On vous dira que vous avez à vous centrer sur le sujet donné et
rien que sur lui.
Certes, mais vous allez découvrir que le pouvoir temporel de César
n'est pas indépendant, loin de là du pouvoir spirituel.
Que s'est-il passé?
- On raconte que des juifs auraient voulu faire tomber Jésus dans
un piège en lui demandant s'il fallait payer l'impôt à César
, le détenteur de la puissance matérielle: si Jésus répondait,
de ne pas payer l'impôt on le dénoncerait aux occupants
romains, si Jésus répondait de payer l'impôt on le dénoncerait
aux religieux pour qui toute puissance vient de Dieu. En
demandant à voir une pièce et en montrant l'effigie de César
qu'elle porte, Jésus peut répondre logiquement : rendait à César
ce qui est à César. Mais au grand désappointement de ceux qui
veulent le faire tomber dans un piège il ajoute: rendez à Dieu
ce qui est à Dieu. Ainsi, il délimite deux domaines, le domaine
de l'État et le domaine de la foi, de la vie privée.
Vous commencez peut être à voir le problème: ces deux
domaines sont-ils vraiment distincts?
Déterminons les deux sortes de pouvoirs auxquels c'est un devoir
d'obéir:
-
le pouvoir spirituel désigne celui d'un personnage qui prétend
l'exercer parce qu'il lui vient de Dieu: il commande donc au
nom de Dieu.
- Le pouvoir temporel désigne la possibilité pour quelqu'un
d'utiliser la force matérielle dans le but de contraindre.
L'histoire abonde d'exemples de luttes sans merci entre ces deux
pouvoirs.

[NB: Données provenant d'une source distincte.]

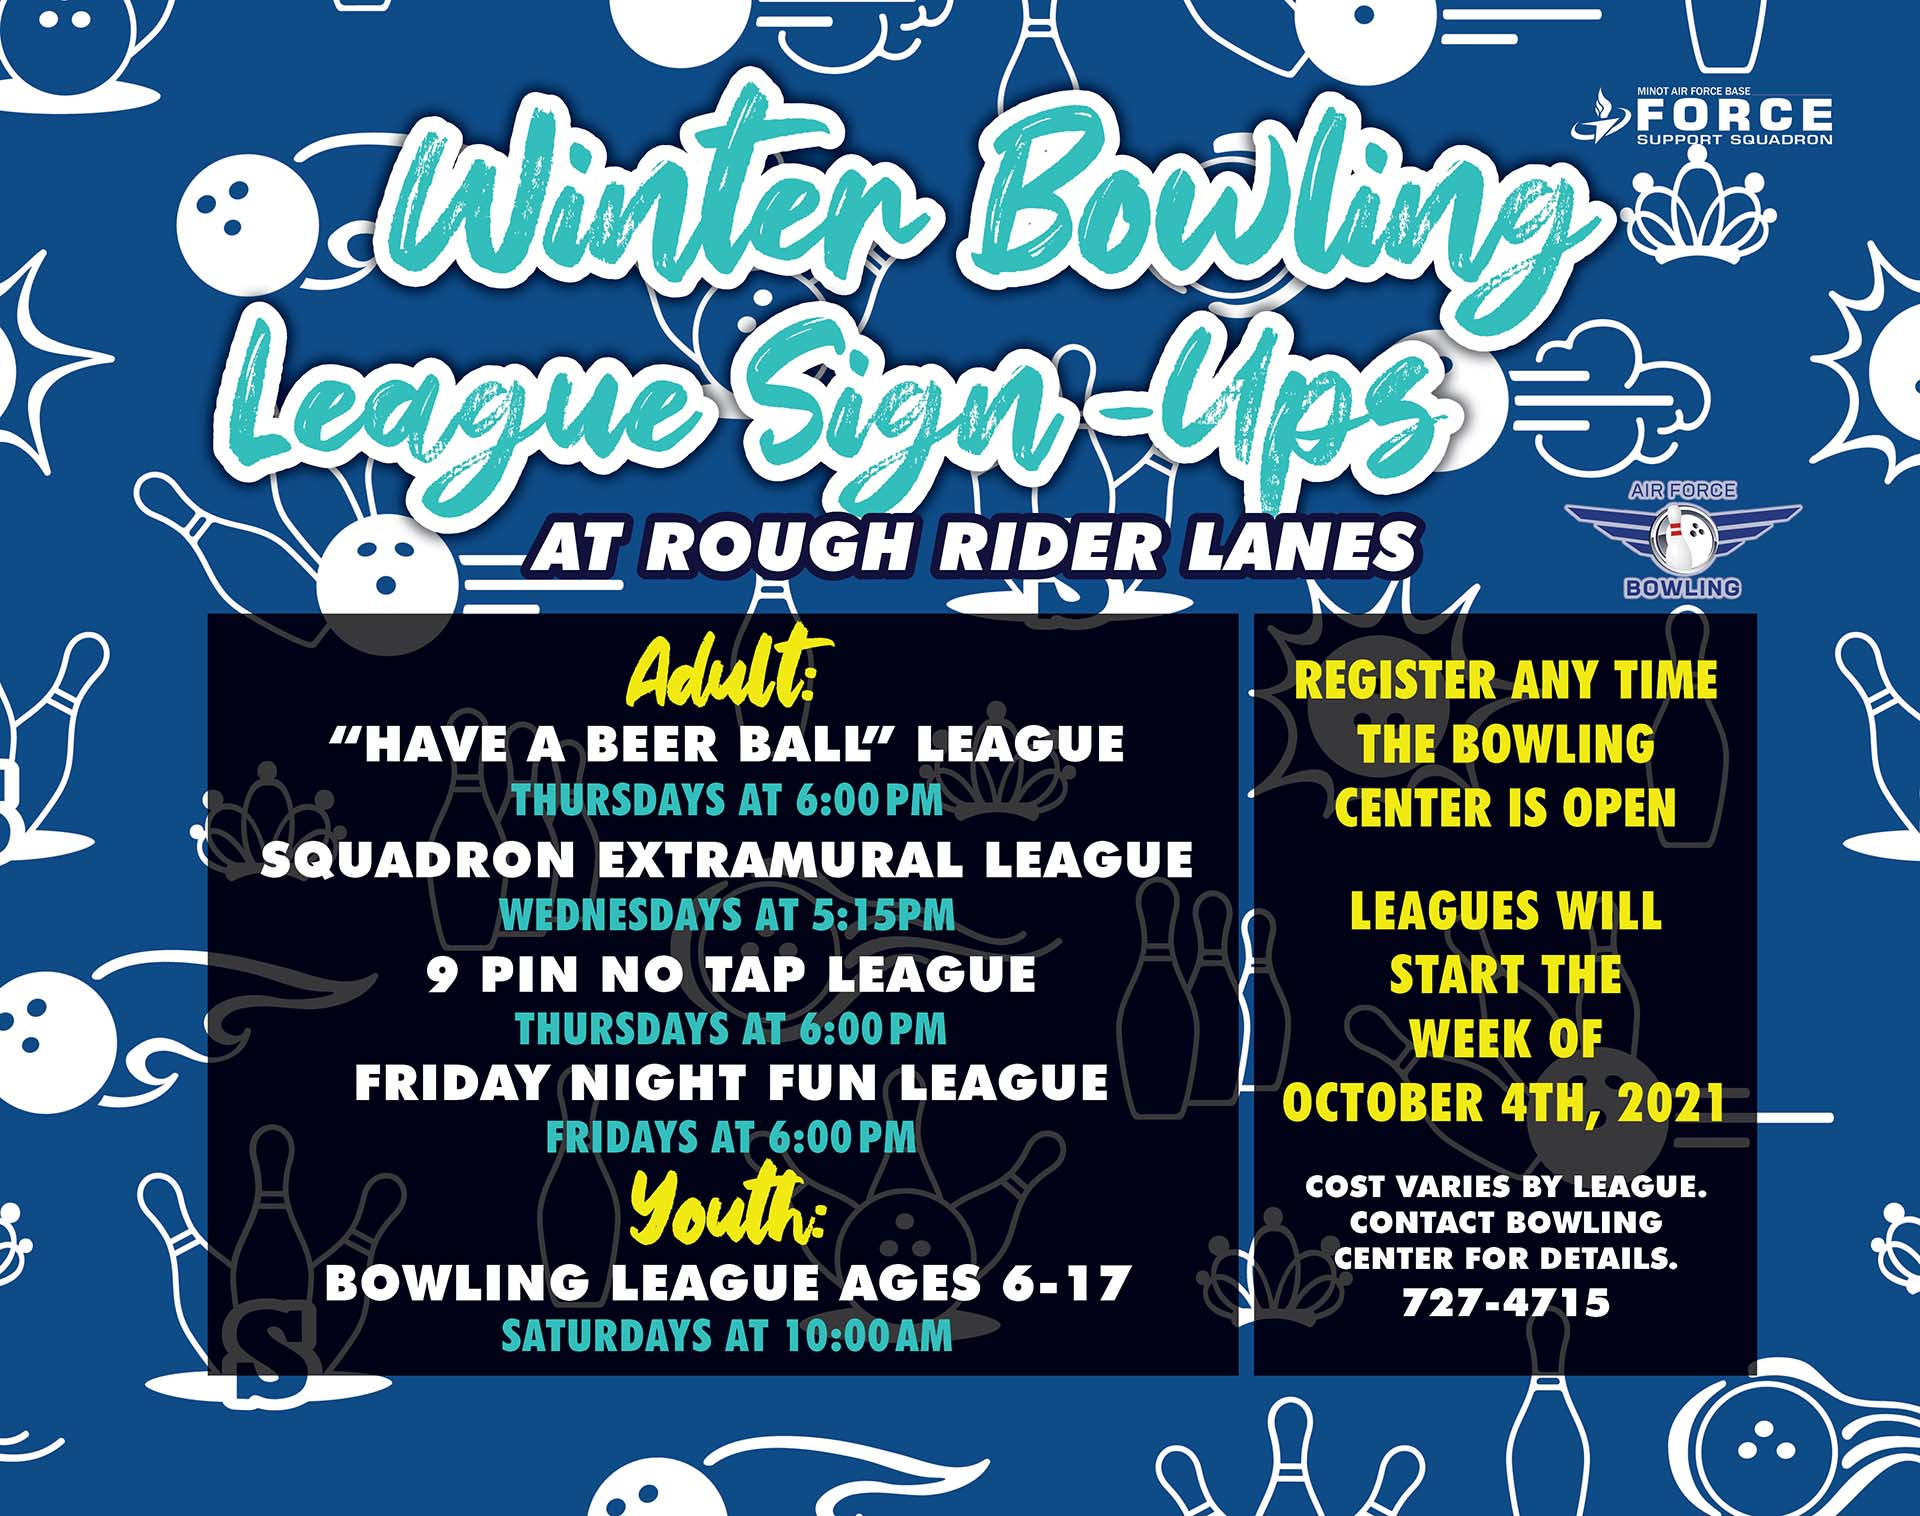 09.01-03.31 WInter Bowling Leagues
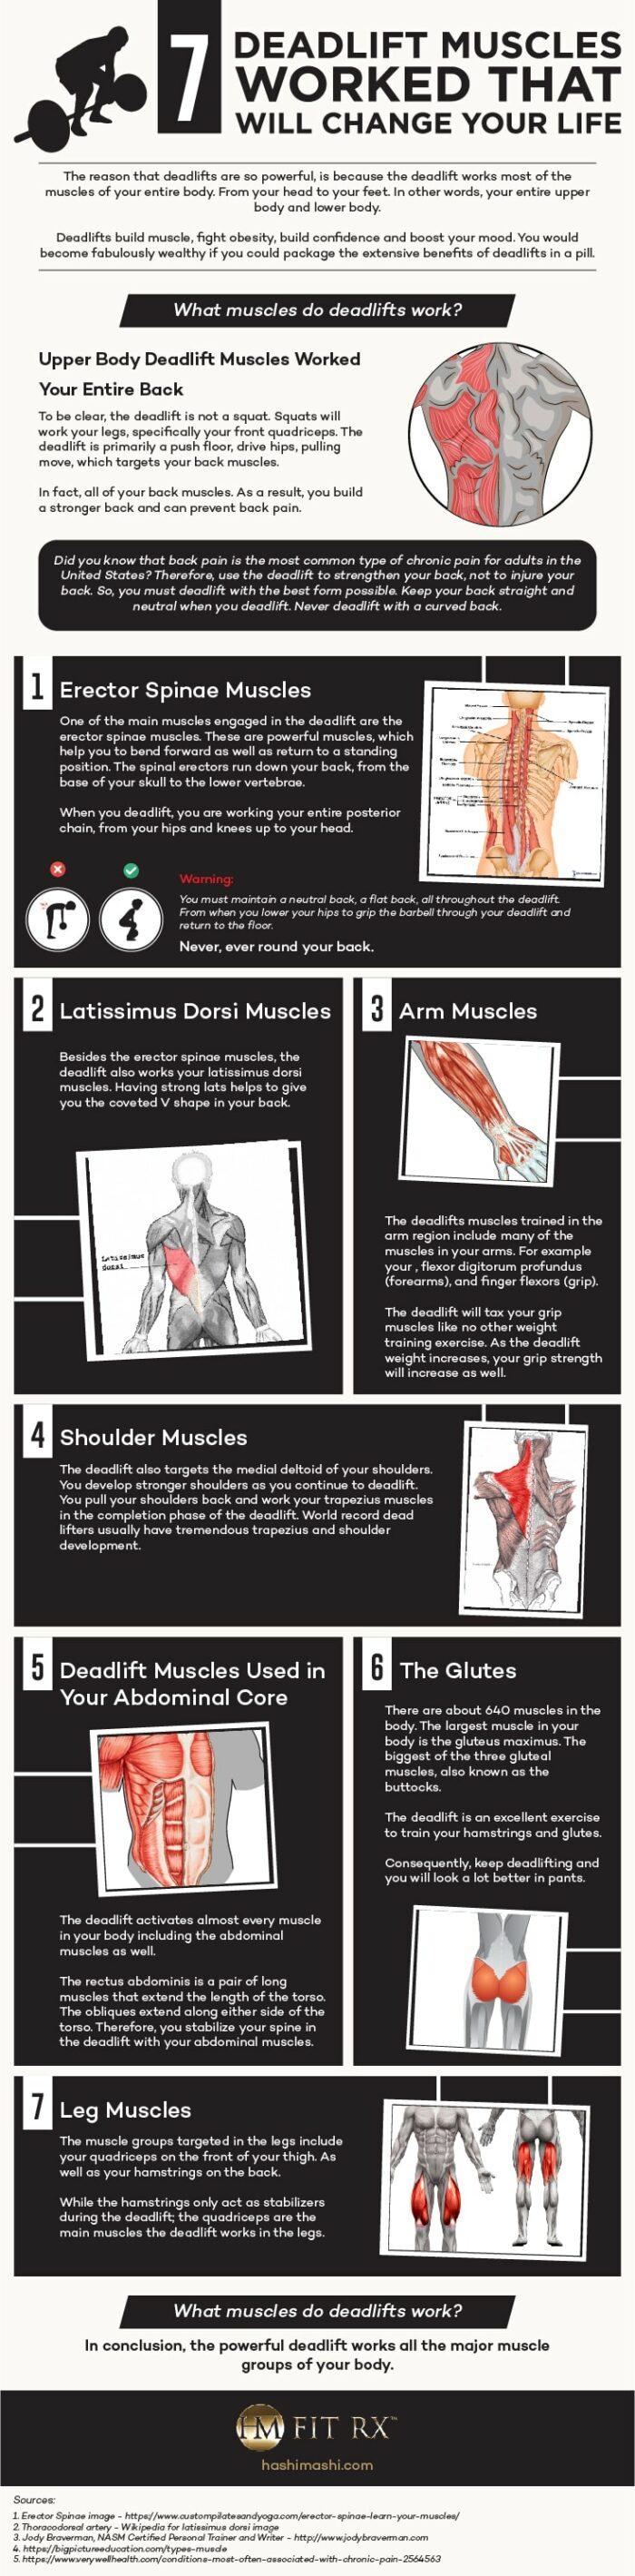 deadlift muscles used infographic credit HashiMashi.com
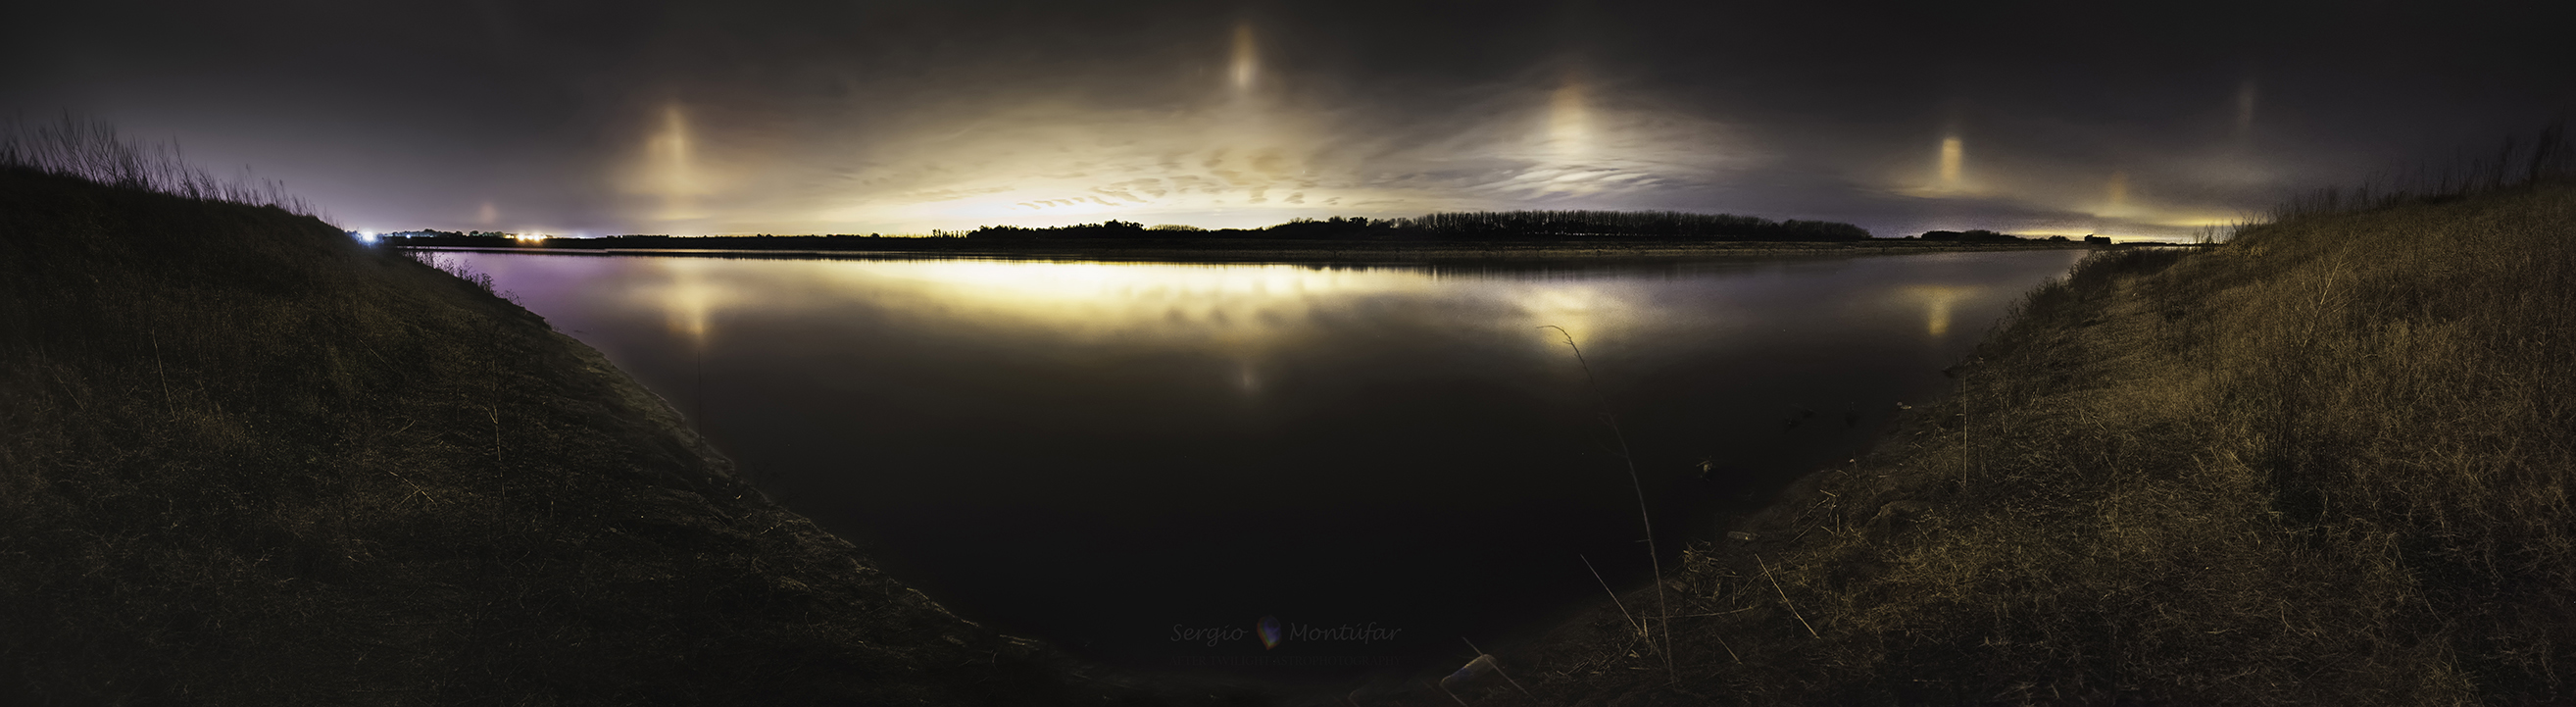 Light Pillars from Argentina by Montufar

Rousseau par exemple met en garde contre les ingérences
d'un souverain, il s'agit du Pape.
Mais ces deux pouvoirs ne sont pas affermis définitivement par
une force matérielle ou une force spirituelle: en fait c'est
une lutte pour le pouvoir et le pouvoir ne se partage pas.
Or
pour que la formule soit applicable, ne faudrait-il pas que les
deux domaines ne se rencontrent pas, puissent être, pour
ainsi dire, simplement juxtaposés.
D'où
votre problème: l'échec de la formule tient-il à la mauvaise
volonté des hommes ou à l'impossibilité de l'appliquer car
elle se heurte à une "mêlée" et elle ne peut pas
prendre ce qui, comme chien et chat se fuient tout en étant
toujours
mélangés.
=>
Il est en effet toujours possible que l'homme de foi dise que Dieu
étant le créateur de tout, tout lui appartient, même
l'autorité de César, que toute autorité venant de Dieu, il
serait souhaitable que l'église commande l'Etat.
=> La formule qui semble en théorie
imparable ne dit pas comment distinguer le pouvoir temporel du
pouvoir spirituel: cela reviendrait à distinguer l'âme et
le corps: ne sont-ils pas tellement imbriqués: comment un pouvoir
temporel ne s'enracinerait-il dans un pouvoir spirituel, ou
ne se présenterait-il pas comme appuyé par le pouvoir spirituel?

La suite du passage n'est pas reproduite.